Use the portrait to set the placement of the side rails. Leave about 1/2" open on the sides so the panel can move easily and freely. Yes, its loose - and that's on purpose!

Screw the side rails to the wall. Check that the portrait slides very easily in the slot created by the side rails.

Go ahead and cut and assemble the moulding/framing around the guest side of the portrait hole, stain and finish it as needed.

Place the portrait so that it looks good from the guest side, and mount a cord or drill a hole in the rail for a holding screw (as noted in the video).

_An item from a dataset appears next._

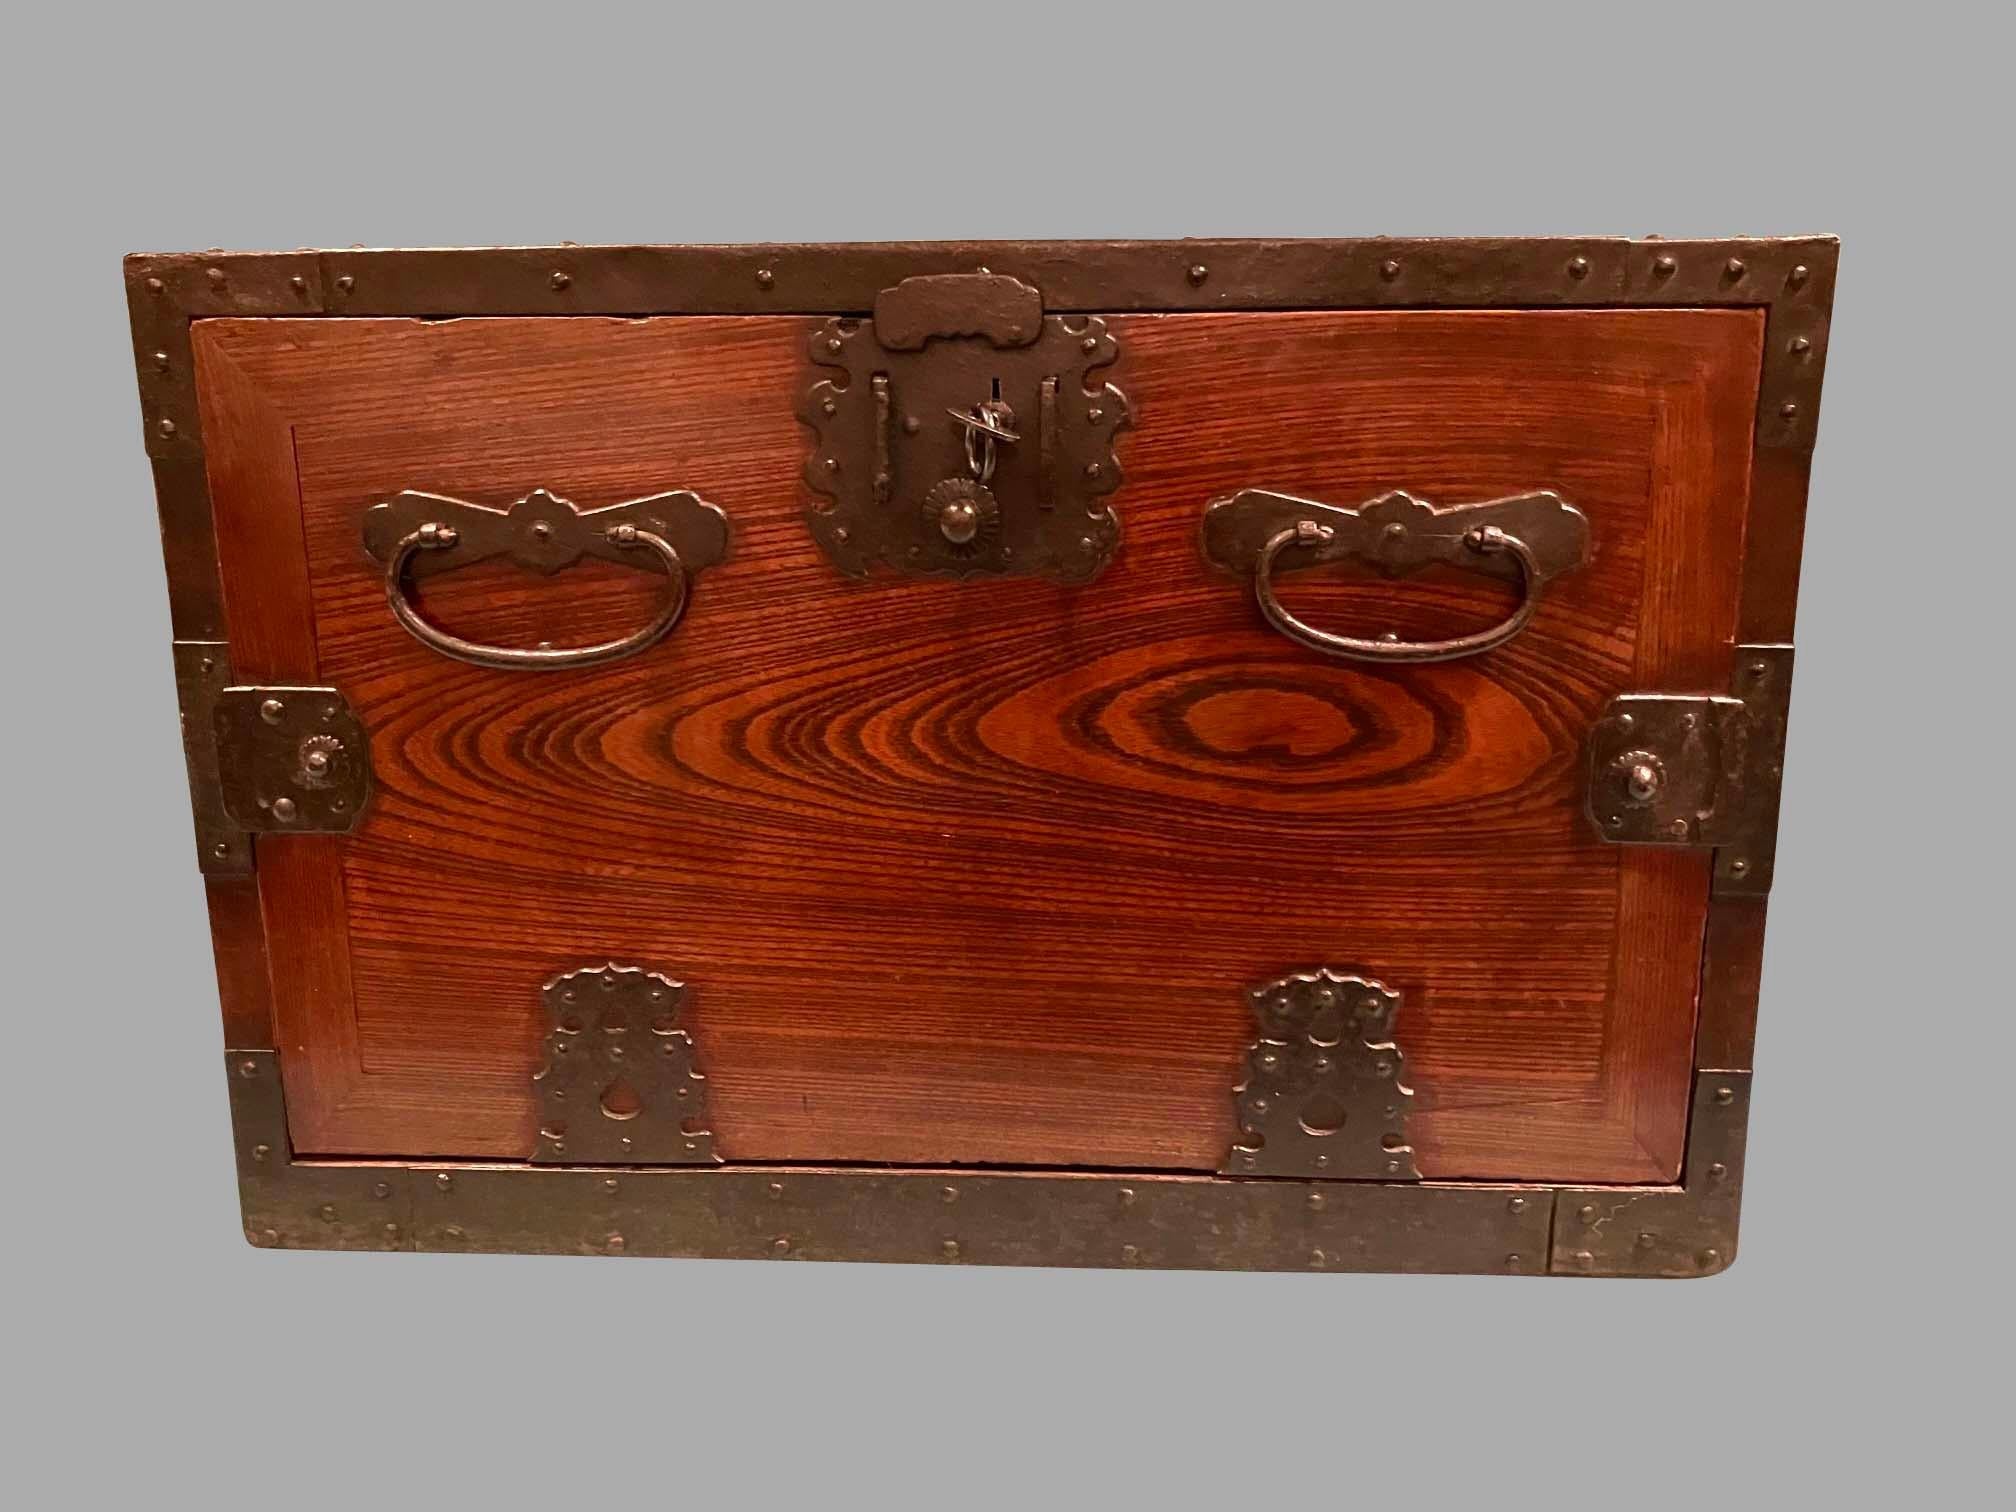 Ein japanischer, eisenbeschlagener Seekasten oder Tischschrank aus der Meiji-Zeit. Der abnehmbare Frontdeckel lässt sich öffnen und gibt den Blick auf ein Inneres mit 5 Schubladen unterschiedlicher Größe frei. Das Stück ist mit dekorativen

Now mark and drill an eyehole for the actor to see the victims approach.

You're done!















 Scare Somebody!
The great thing about the design is just how simple it is to operate. All the actor needs to do is wait for the right moment and release the portrait, and jump into view!
The noise of the drop, and the actor's roar (or babble, as the case may be) makes for a really great scare that will put the shakes in anyone's knees!




In Closing...
That's a quick overview how to build a great prop that's guaranteed to make 'em jump everytime! Pay attention to the set around the portrait to make it appear part of the scenery. It works great in a hallway of portraits because it will look just like one of the other framed portraits. But the choice is yours. Have fun and make it your own. If you come up with any varitions or shortcuts, let us know. We'd be happy to share your innovations with other ScaryGuys. Happy Boos!